Workplaces tend to be inherently ‘public’ or ‘semi-public’ places. Accordingly, any right of privacy in the workplace — in the sense described by Justice Brandeis in the US Supreme Court as ‘the right to be left alone’ — will obviously need to be qualified in the employment context.[1] A worker is employed not be left alone, but to perform designated tasks in an environment where the employer’s interests are protected and promoted. An employer is entitled to take reasonable steps to ensure that assigned work is carried out, that it is performed to the required standard, that working conditions are safe, and that the employer’s other substantial interests — particularly in the security of its property — are safeguarded.

However, Professor Alan Westin, a pioneer in privacy law, goes too far when he cautions against placing too much emphasis on the value of privacy in the workplace. He has contended that privacy based arguments against intrusive workplace monitoring pose a ‘threat to central societal interests in quality work’, and are really disguised protests against worker supervision.[2]

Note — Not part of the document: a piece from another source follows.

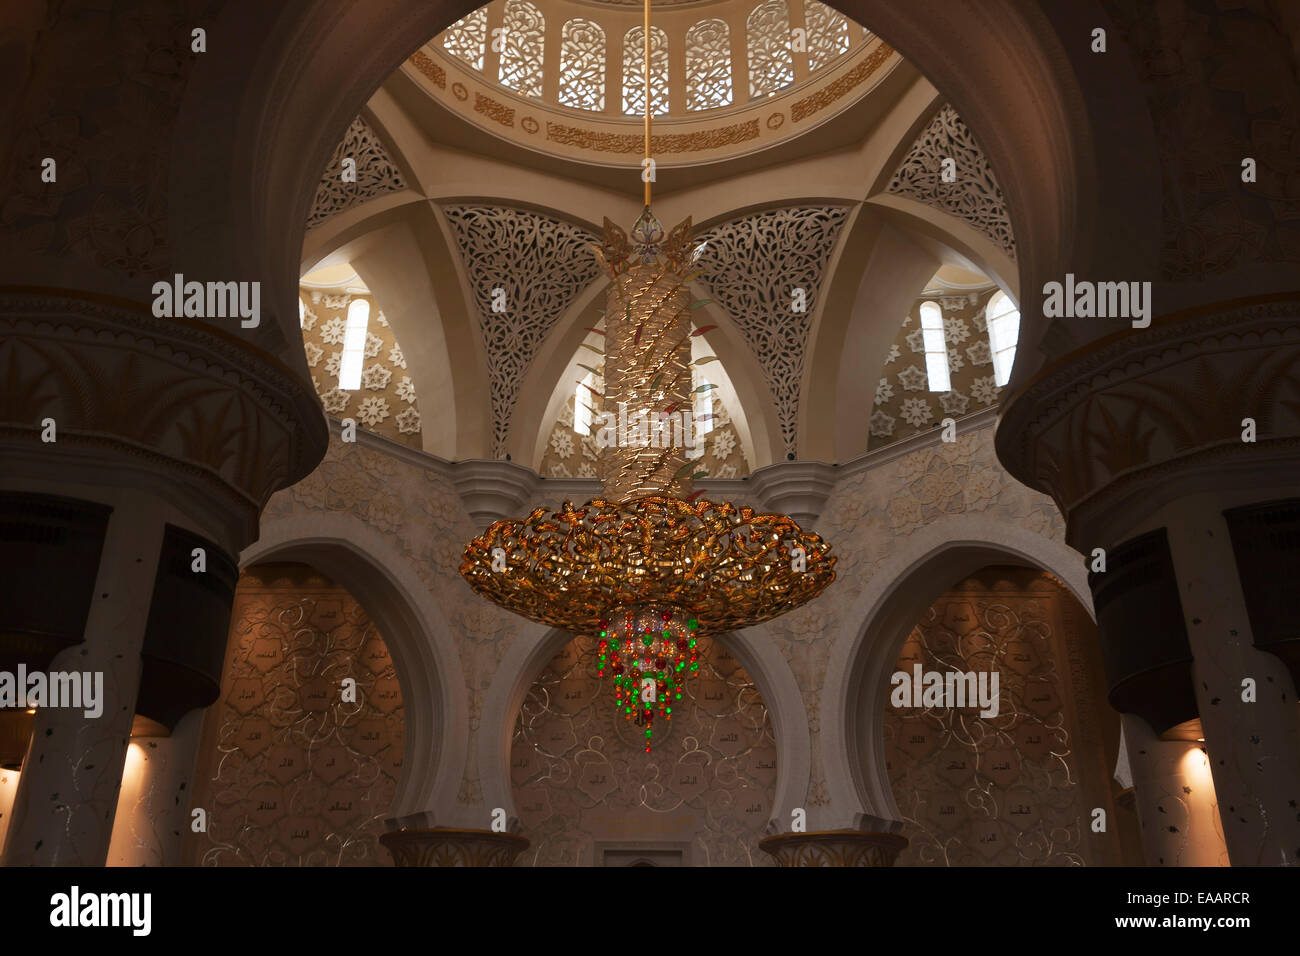 Sheikh Zayed Grand Mosque, Abu Dhabi, United Arab Emirates. Interior of the Main Prayer Hall. Stock Photo

Justice Brandeis’s formulation of privacy ought to apply, albeit in modified form, to the workplace, at least to the extent that workers should be entitled to be left alone in relation to matters that are irrelevant to the employment relationship. Employer action in the areas of testing and monitoring should at least be proscribed where it is illegal, where it interferes with workers’ health, and where it steps beyond the bounds of the terms of the employment contract. Ideally, the minimum standard should be one that is consistent with the ideal expressed in the Constitution of the International Labour Organisation (ILO), that workers should labour ‘in conditions of freedom and dignity’.[3]

Concerns about privacy in the workplace proceed from a human rights perspective, and are aimed at unfair or oppressive working conditions. Intrusive information practices in the workplace, however, have been driven by both the increasing availability and versatility of new technologies, and by ever increasing demands for information. As the Roman philosopher-poet Lucretius noted over two thousand years ago, each new invention creates a new need.

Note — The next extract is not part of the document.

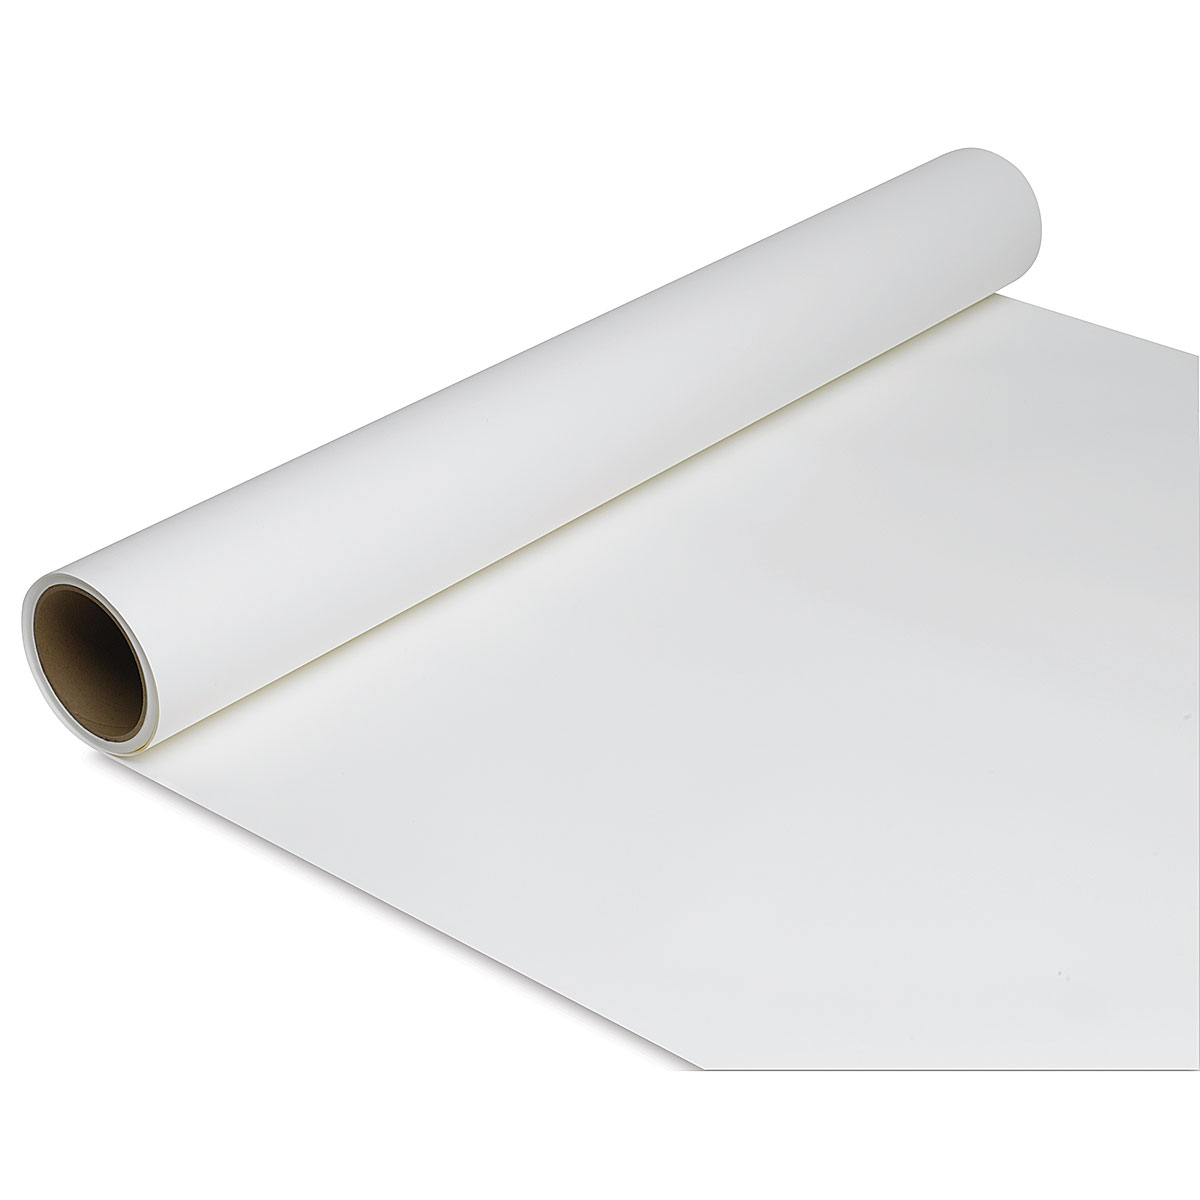 Legion Lenox Cotton Drawing Paper 60" x 20 yds, White, Roll BLICK

Although monitoring of work must be as old as the concept of work itself, the advance of technology has brought with it a great many new and intrusive means of carrying such monitoring out. The very fact that monitoring can take place with such sophistication that a worker cannot be certain whether or not he or she is being observed or measured (and for what) at any given moment adds to the stress and indignity caused by such practices. New tests have been devised to measure matters ranging from psychological makeup to drug use and genetic status.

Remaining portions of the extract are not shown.